In each wave, as in each moment and in each potential movement, I believe there exists an element of truth that can be expressed in myriad ways. These ways of being and acting are natural and spontaneous in people who have plunged into the present, who are attentive to the details of reality, who are masters of their own ideas and free in the actions they take. There lies genuine wisdom.
It is this same power of truth that allows some people to surf in a calm and balanced fashion, true to themselves, independent of environmental conditions. Others seem never to be able to reach this point. They even persuade themselves that balance is not part of their nature.
Of course things do fall apart -- our job comes to an end, or somebody cheats us. But what is all of that right now, when a human being is animated by, and imbued with, a phenomenal capacity to imagine, to act, to receive, and to give? Regardless of the path one chooses in the search for balance, the search itself teaches us to live in the glory of each moment. Those who experience it become more authentically themselves.
To place high value on riding a wave is to find balance in one's life and surroundings, to accept change, to recognize the reality of an ephemeral world, to be conscious of the only thing that will always exist: change.

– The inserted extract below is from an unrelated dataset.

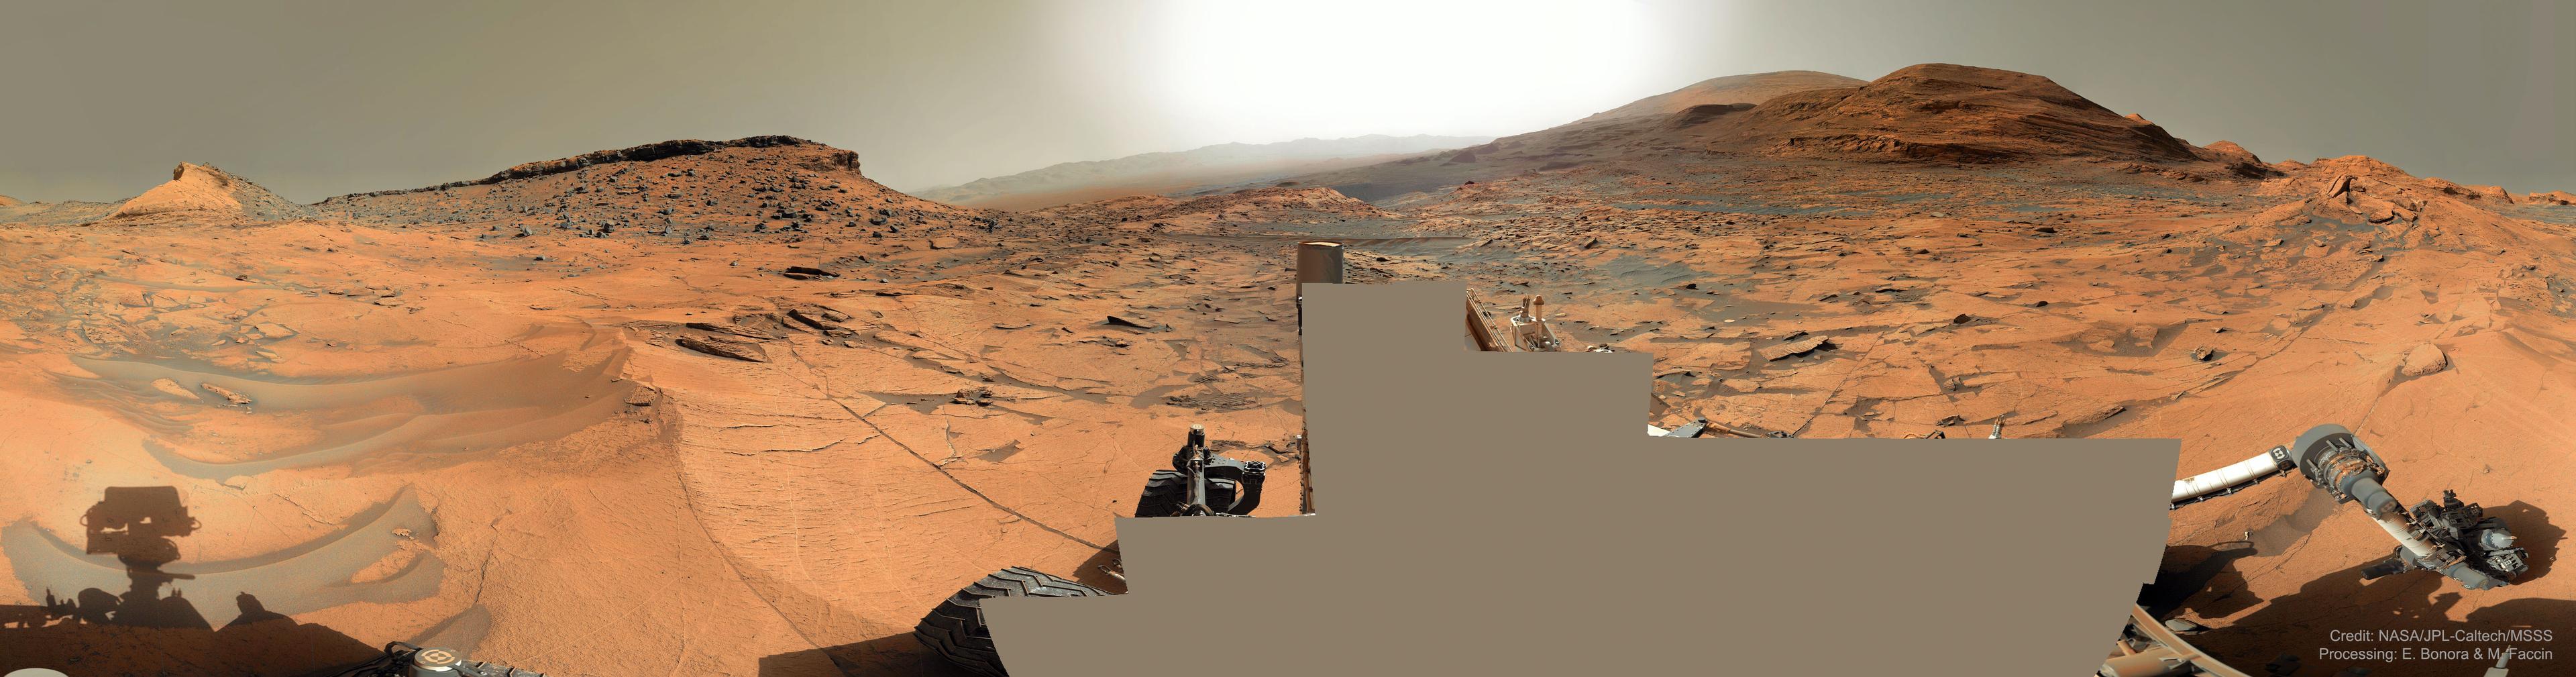 بانوراما لسطح المرّيخ تظهر أرضه الصخرية الحمراء وتلاله ذات الطبقات ورماله الرمادية المنجرفة وغلافه الجوّي الأغبر.

The challenge of adapting to change is usually more psychological than biological. In order to remain a little bit constant in a universe where everything is in flux, one has to have the kind of reliable confidence that stands up to the transitory nature of life, the confidence of someone who knows he or she is alive.
The sensation of balance that a surfer feels, that a painter experiences as he or she works on a picture, or that a dancer feels giving all for the simple pleasure of being alive for a moment -- that is what makes confidence possible. When the fear of falling disappears, it becomes easier to imagine oneself riding free. At that moment, life appears as a vast and inviting wave.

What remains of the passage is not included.